This post is dedicated to the therapist that was assigned to me on my first and second jaunts in rehab. For the sake of anonymity we will call him Dr. Jakobus I. F. Glitter Hoenderskoen. He would approve, I promise.
The reason I have decided to write about my interactions with him is because years later he is a friend and someone who takes in stride my ongoing madness and who appreciates me and my kaleidoscopic personality malfunctions. And, who when he feels like it (or doesn’t feel like it, to be more precise) ignores me completely because ‘drama’ is not on his list of fun things to do for the day.
When my folks and I arrived at the chosen rehab, they went in to go and fill in all the paperwork, and I stayed at the car to have a smoke and breathe in what would be my home for the next 6 weeks. The first person I saw was a girl that looked like a skin head sitting on a concrete bench not too far away. She was looking at me intensely and I remember thinking that she looked like she should be in a psychiatric facility rather than a regular rehab. As that thought had filled my head she got up off her bench. Her stride was intense. Her expression was slightly unnerving, and she was heading straight for me. I took a deep drag of my smoke, bracing myself for some sort of outburst. I was also unsettled, and fascinated at the same time that I could see her breasts through her tight sleeveless white top and I recall being confused as to what emotion I should be experiencing.
She was hot and terrifying at the same time.
She stuck her hand straight out and gave me her name. Again, for anonymity sake, I shall rename her ‘T’. I shook her hand and gave her my name.
‘What you in for?’
I felt like her eyeballs were boring through my brain. I obviously took too long to answer so she started guessing. Eating Disorder?
Because im fat? It must be an eating thing?
No? Okay. Depression?
No.
Booze?
Crack. Coke. Booze. The whole shebang. Happy?

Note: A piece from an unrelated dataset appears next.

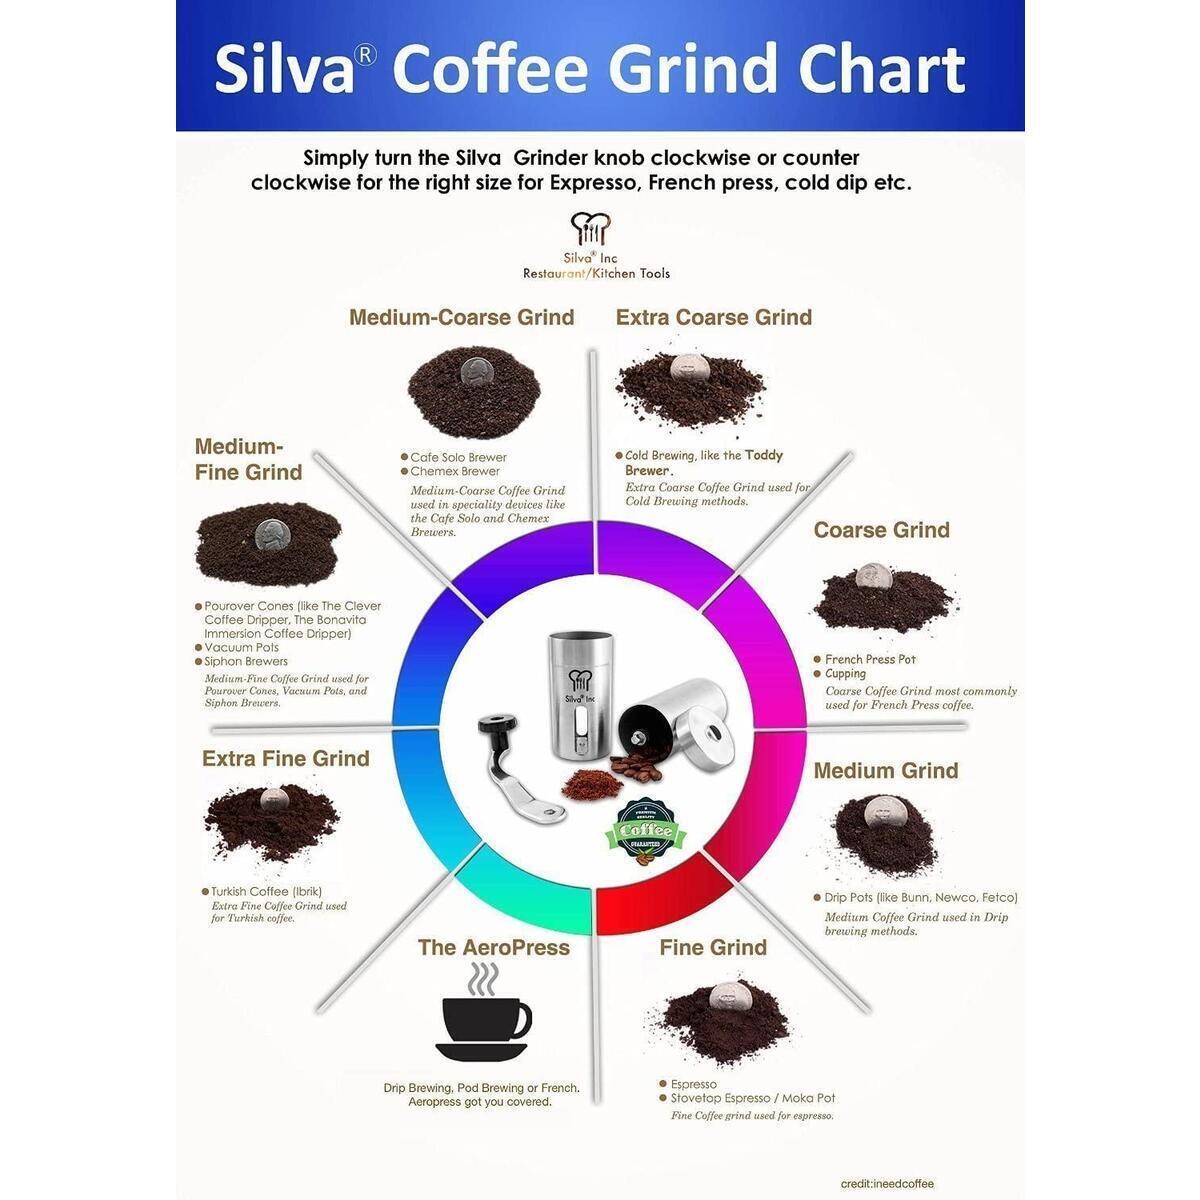 Silva Manual Coffee Grinder - Hand Coffee Bean Grinder | Ceramic Burr Coffee Mill for French Press, Espresso, Turkish, Aeropress - Brushed Stainless Steel - Bonus Scoop

ME TOO!!!!!! She was too excited for my liking, but from that moment on, I was ‘chosen’ as a friend. Which I later figured out could change as fast as the weather. She was in fact, in my opinion, a lunatic, but her outbursts and her nudity were a highlight. The next words out of her mouth were, ‘That means you will have Dr. Jakobus I. F. Glitter Hoenderskoen as your psych. He is mine. He is a hard ass but he is cool.
Not caring particularly, I just nodded and smiled and she strolled off. I had another smoke and then my dad came out to the car and he was beaming and so complimentary about some shaved headed girl who had come to introduce herself to him as ‘your daughter’s friend’. She has apparently told him that she would look after me and take good care of me and he had NOTHING to worry about. And with that, my folks drove away.
I was shown my room, which I was sharing with an over eater, a bulimic anorexic, and a girl who had a prescription drug problem. I was in hell for the first few hours because naturally – you get asked a million questions when all you want to do is find the highest point and launch yourself off of it. The pill popper took a shine to me, and as shiny as I may be, I was aware of the crazy that was falling off of her, and chose to avoid her.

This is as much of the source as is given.